Every engineer dreams of building his/her own product. Most ideas don’t progress any further, either because it was idle thinking, or on further reflection, they become less interesting. When a concept refuses to die, and you feel driven to explore it further, then some basic analysis must follow. What problem does it solve? Who benefits from the solution? Can you quantify its impact on the beneficiaries?
Ideas emanate in a number of ways. They can be a solution to problems that you observed at work or elsewhere. Perhaps you have spotted new opportunities arising from evolution or disruptive change in technology, environment or circumstances. For example, the advent of the PC, internet, and broadband connectivity over the past three decades, led to software that provided unique new functionality (e-mail, internet chat) or simply a new and better way of doing old things (online purchases).
Many companies have succeeded by catching a new technology curve early, and overcoming existing players (Microsoft with PC operating system, Novell with networking, Hotmail with internet mail, and recently SalesForce.com with SaaS).
Responsiveness to technology shifts is not an attribute of only small companies. IBM, for instance, has adapted to several generational changes in hardware and software. After its formal naming in 1924, IBM has seen competitors appear and fade away in the punched card, mainframe, minicomputer, PC, networking and the internet eras. Through them all, it has remained the No.1 technology company by re-inventing itself.
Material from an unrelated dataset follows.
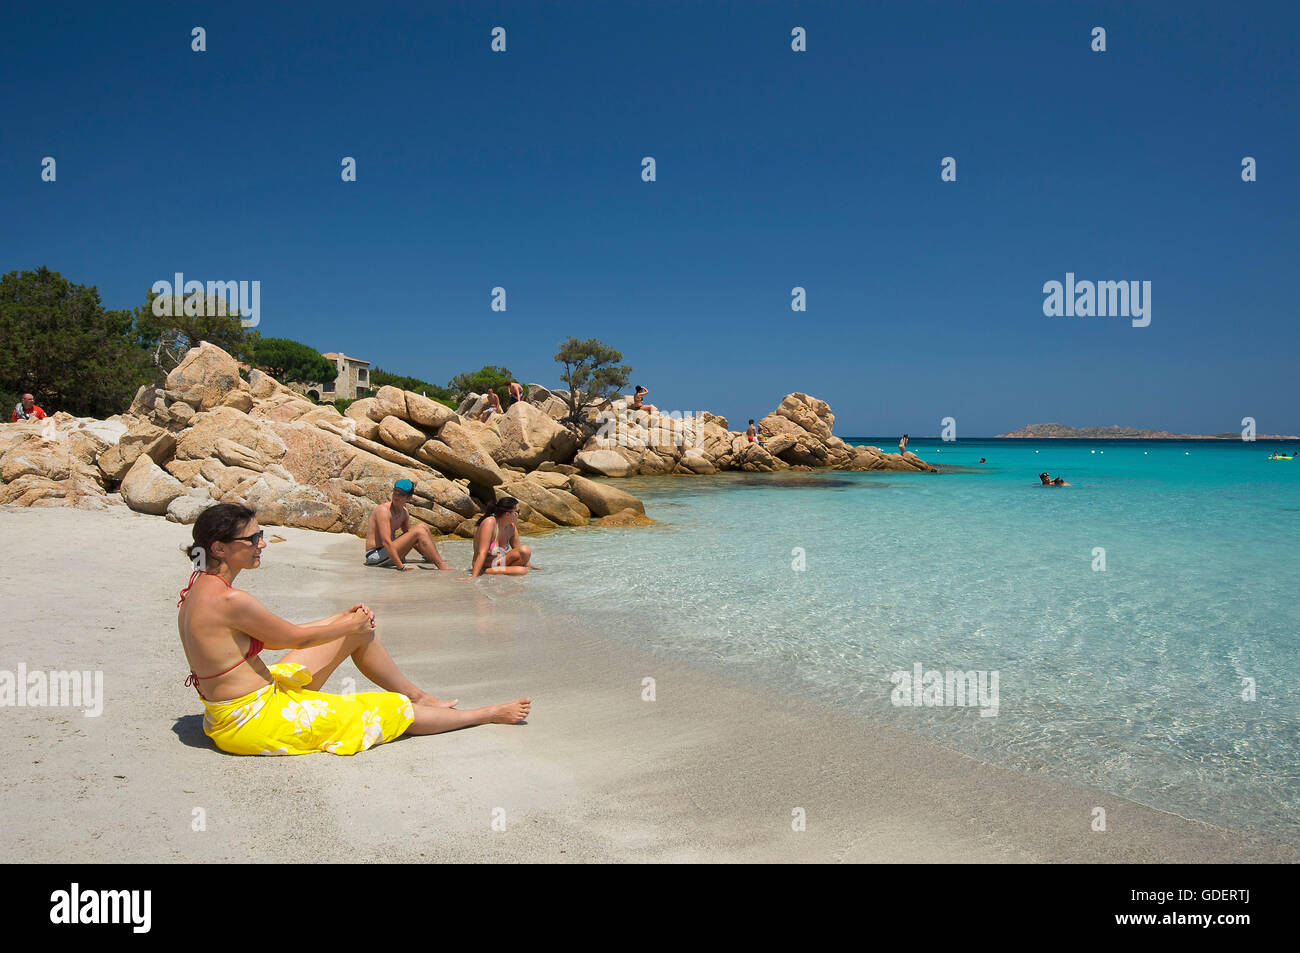 Capriccioli  Beach, Costa Smeralda, Sardinia, Italy Stock Photo

In comparison, here is what the CEO (Ken Olson) of Digital Equipment Corporation (DEC), a mini-computer vendor and strong IBM competitor, had to say in 1977, “There is no reason for any individual to have a computer in their home”.
Not surprisingly, DEC was eventually over-run by the PC revolution. IBM, on the other hand, launched its PC in 1981, and tied up with Intel and Micro- soft, to emerge stronger.
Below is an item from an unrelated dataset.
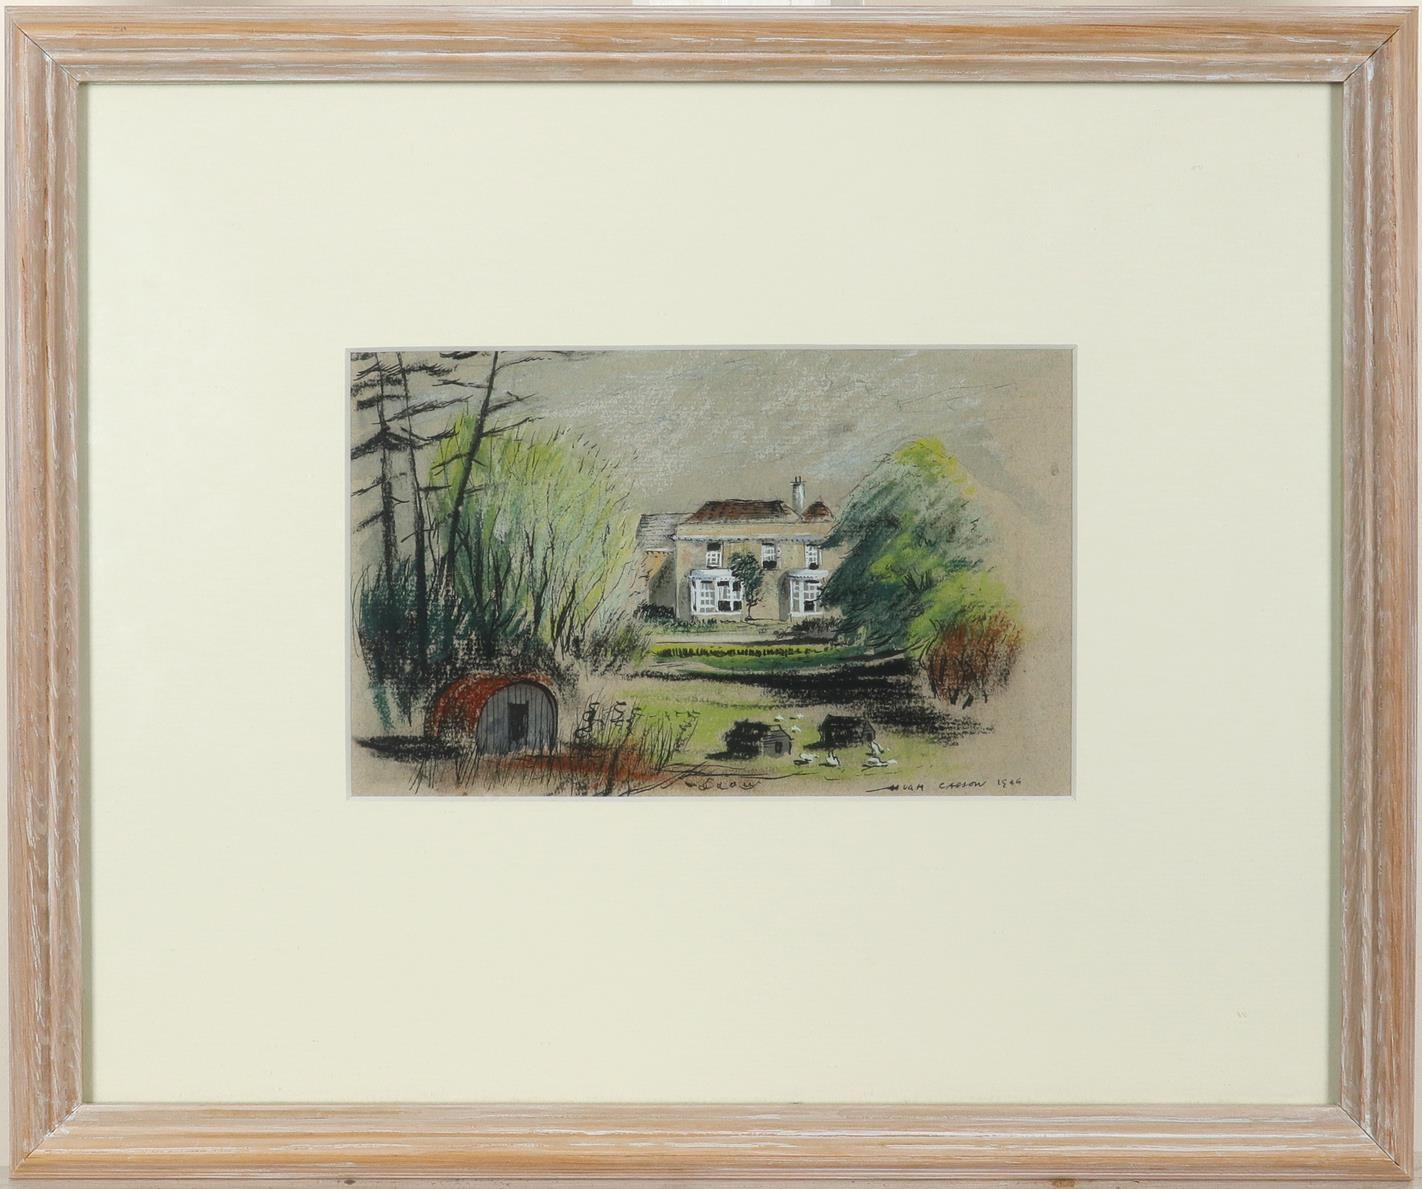 ‡Sir Hugh Casson CH, KKCVO, PRA, RDI (1910-1999) Anderson shelter; Broadwalk, Rivington Garden - Image 3 of 6

Your generic idea should be transformed into a rough product concept. Entrepreneurs should have sufficient domain and technical expertise to conceptualize how the idea, combined with its practical implementation, can address specific user or industry challenges. You can then, scope the problem and formulate a distinct and bounded solution.
The next step is to explore who your customers will be. At the most basic level, the product should provide a good solution to a known problem for a reasonably large set of people. The product may enhance a capability (what it can do), process (how to do it), performance (speed of doing it), or usability (ease of use) relative to the current methods. It must be reasonably unique and fairly difficult for someone else to quickly emulate.
Ideas don’t have to be unique to be successful. Excel overtook Lotus 1-2-3, the leading DOS spreadsheet, only because Lotus failed to make the transition to Windows quickly.
Sometimes, leaders don’t recognize disruptive changes. In a 1998 paper, Google’s founders described an innovative concept called PageRank, which took advantage of the Web’s link structure to produce a global importance ranking of every web page. This helped users quickly make sense of the vast heterogeneity of the World Wide Web. AltaVista, the leading search engine amongst 30+ others at the time, turned down the chance to buy Google for $1 million, saying spam would make PageRank useless. Yahoo also declined to purchase Google, supposedly because they didn’t want to focus on search, which they felt only sent users away from Yahoo.com.
Size also does not guarantee success. After their search engine and Gmail made Google into a challenger to Microsoft, they attempted to target Microsoft’s cash cow (MS-Office) with an online spreadsheet in 2006. Analysts expected this to eat into Excel (and Office) market share, but the latter continues to dominate. Still, in 2009, this competition forced Microsoft into announcing a future online, free version of MS-Office.
Ideas are like movie scripts. Most of them sound familiar. They are often a combination of previously seen sub-plots, with new twists added. Still, many of them become successful, especially if they have some novelty and are executed well. Even remakes succeed if presented differently. Very rarely do you see a hit movie with a truly unique script.